Question

Why is ${{K}_{{{a}_{1}}}}<<{{K}_{{{a}_{2}}}}$ for ${{H}_{2}}S{{O}_{4}}$ in water?
$S{{O}_{2}}$ reacts with chlorine in the presence of charcoal.

Answer 1

Hint: The extent to which ionization occurs depends upon the strength of the bond and extent of the salvation of ions produced. The terms dissociation and ionization are used with different meanings. Dissociation refers to the process of separation of ions in the water already existing as such in the solid state of the solute and ionization corresponds to a process in which a neutral molecule splits into charged ions in the solution.

Complete answer:
Arrhenius concept of acids and bases becomes useful in case of ionization of acids and bases in an aqueous medium. Strong acids like sulphuric acid (${{H}_{2}}S{{O}_{4}}$) dissociates into ions in an aqueous medium as proton donors (${{H}^{+}}$ ).
According to the Arrhenius concept, strong acids and strong bases can completely dissociate and produce ${{H}^{+}}$ and \[O{{H}^{-}}\] ions respectively in the aqueous medium. Consider, the acid-base dissociation equilibrium of a weak acid HA
\[\underset{acid}{\mathop{HA(aq)}}\,+\underset{conjugateacid}{\mathop{\underset{base}{\mathop{{{H}_{2}}O(l)}}\,\rightleftharpoons {{H}_{3}}{{O}^{+}}(aq)+\underset{conjugatebase}{\mathop{{{A}^{-}}(aq)}}\,}}\,\]
It follows that strong acid dissociates completely in water, the resulting base formed would be weak, is known as weak conjugate base.
${{H}_{2}}S{{O}_{4}}$ is a strong base, which readily releases proton, and form $HS{{O}_{4}}^{-}$ is a weak conjugate base.
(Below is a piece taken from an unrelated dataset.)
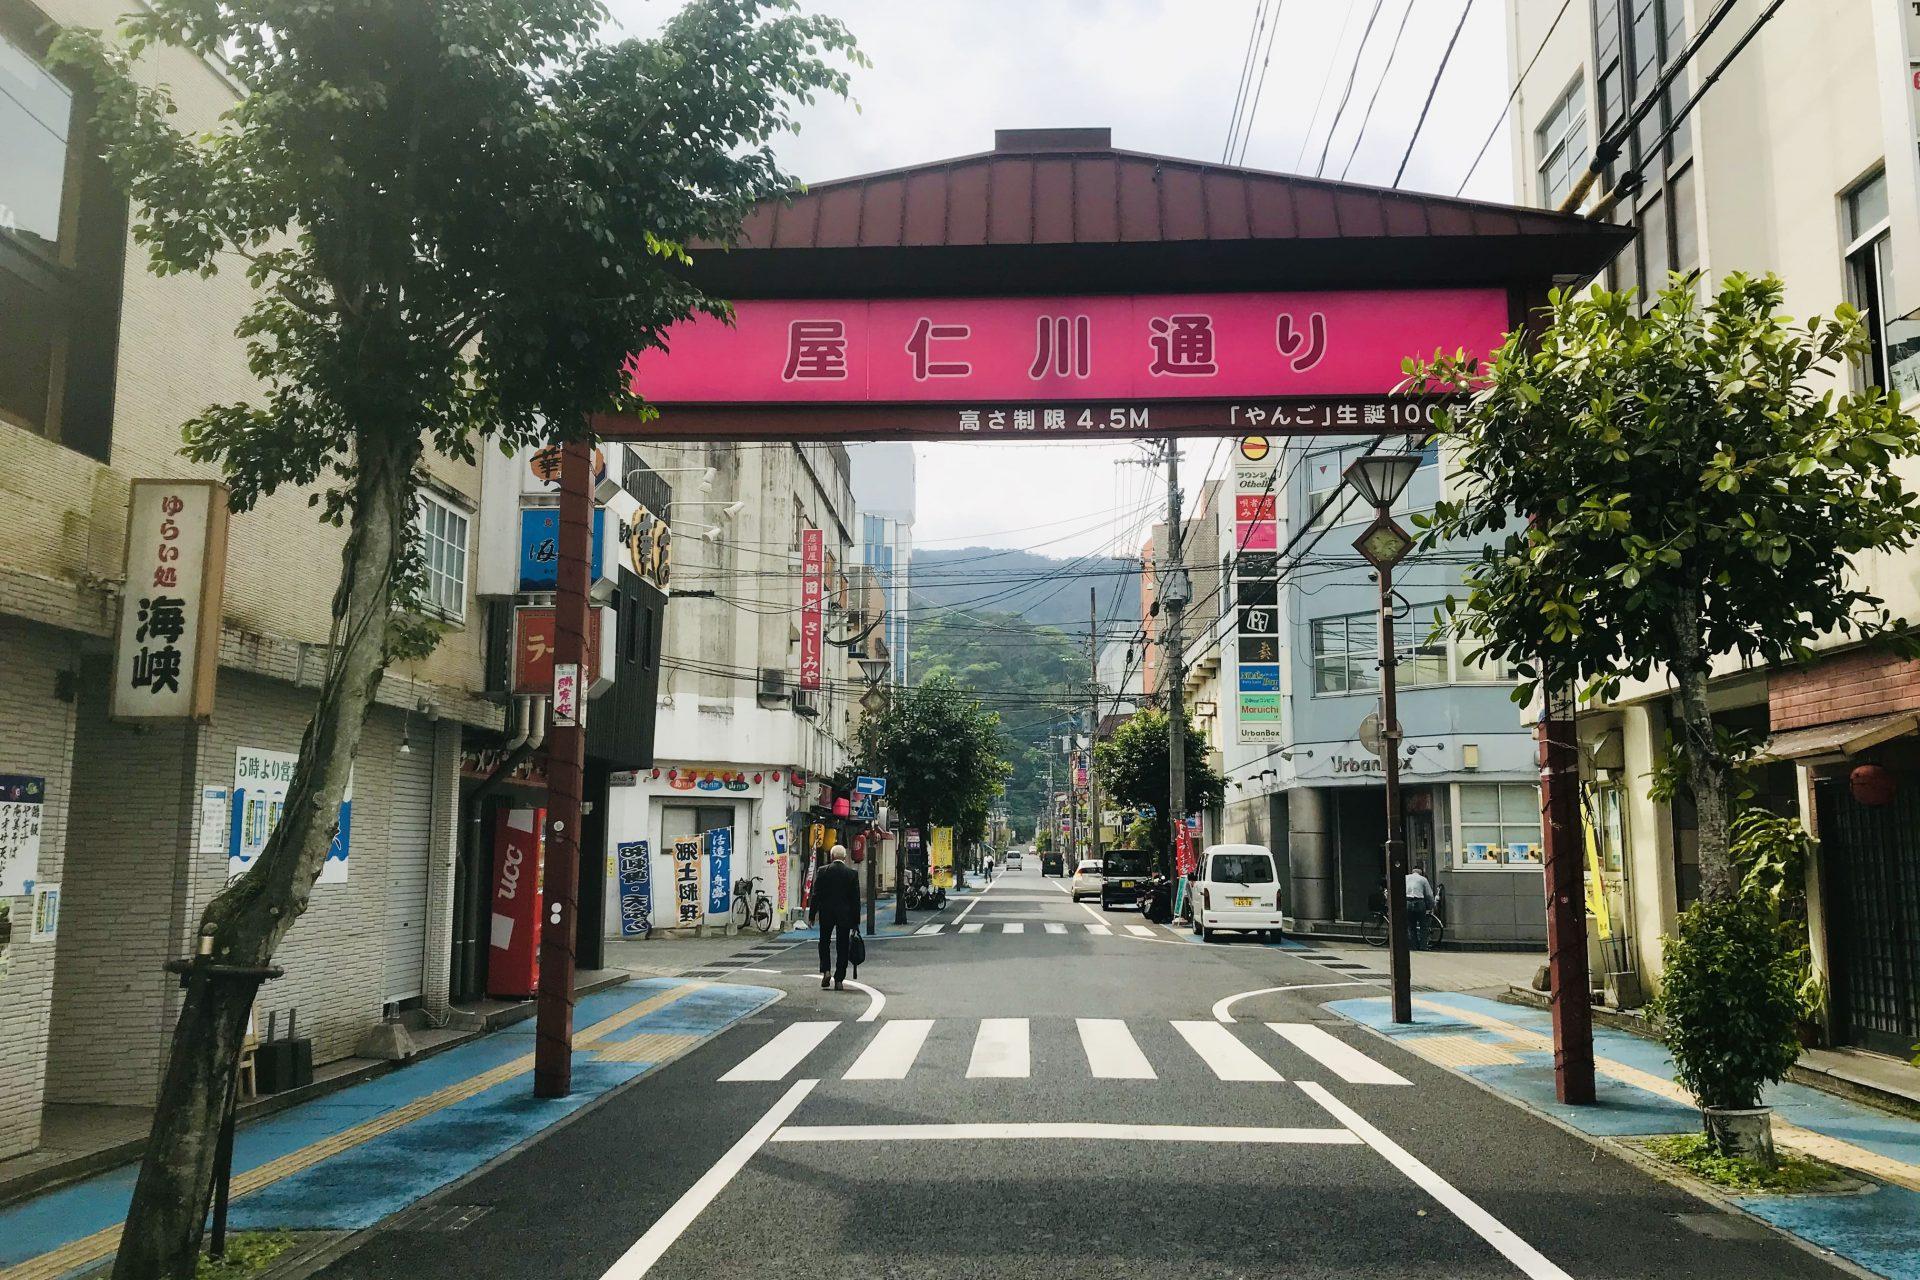 奄美大島 繁華街 屋仁川通り 旅行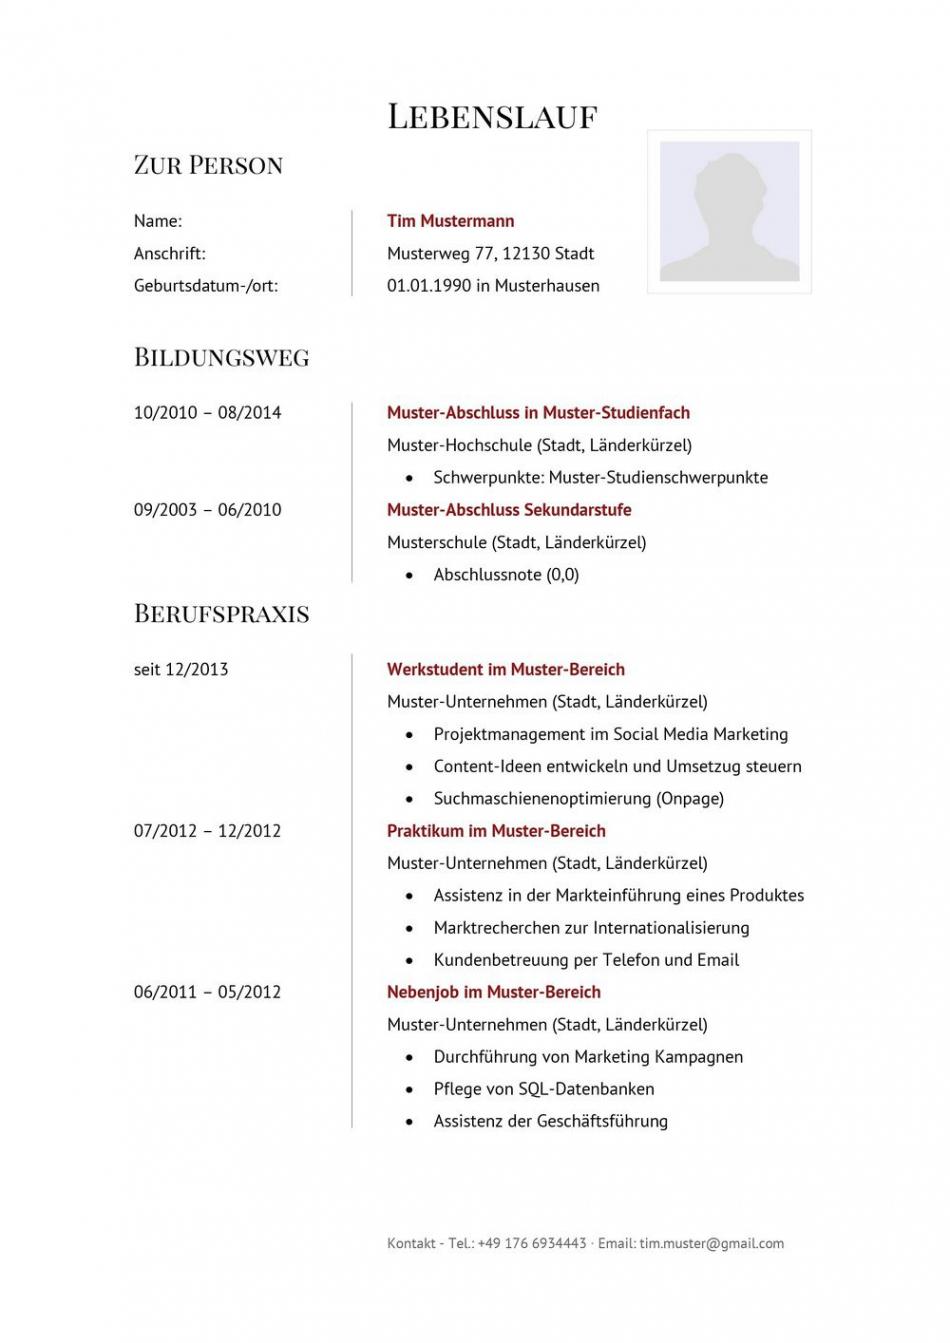 Tabellarischer Lebenslauf  Muster & Vorlagen  Lebenslaufdesignsde Lebenslauf Muster Tabellarischer Aufbau

But $HS{{O}_{4}}^{-}$ is a negatively charged molecule that resists the releasing of a proton. The dissociation constants of both reactions are represented ${{K}_{{{a}_{1}}}}\And {{K}_{{{a}_{2}}}}$ respectively.
The equations of dissociation ${{H}_{2}}S{{O}_{4}}$ are,

     $\begin{align}
  & {{H}_{2}}S{{O}_{4}}\rightleftharpoons HS{{O}_{4}}^{-}+{{H}^{+}};{{K}_{{{a}_{1}}}}=First\text{ }dissociation\text{ }constant \\
 & HS{{O}_{4}}^{-}\rightleftharpoons S{{O}_{4}}^{-2}+{{H}^{+}};{{K}_{{{a}_{2}}}}=\operatorname{Sec}ond\text{ }dissociation\text{ }constant \\
\end{align}$
Hence, ${{K}_{{{a}_{1}}}}<<{{K}_{{{a}_{2}}}}$ for ${{H}_{2}}S{{O}_{4}}$ in water.
When $S{{O}_{2}}$ reacts with chlorine in the presence of charcoal to give sulphuryl chloride.
$S{{O}_{2}}+C{{l}_{2}}\to S{{O}_{2}}C{{l}_{2}}$

Note:
Some compounds like phenolphthalein act as conjugated bases in aqueous medium.Such compounds are used as indicators in acid-base titrations and finding out the concentration of ${{H}^{+}}$ ion concentration.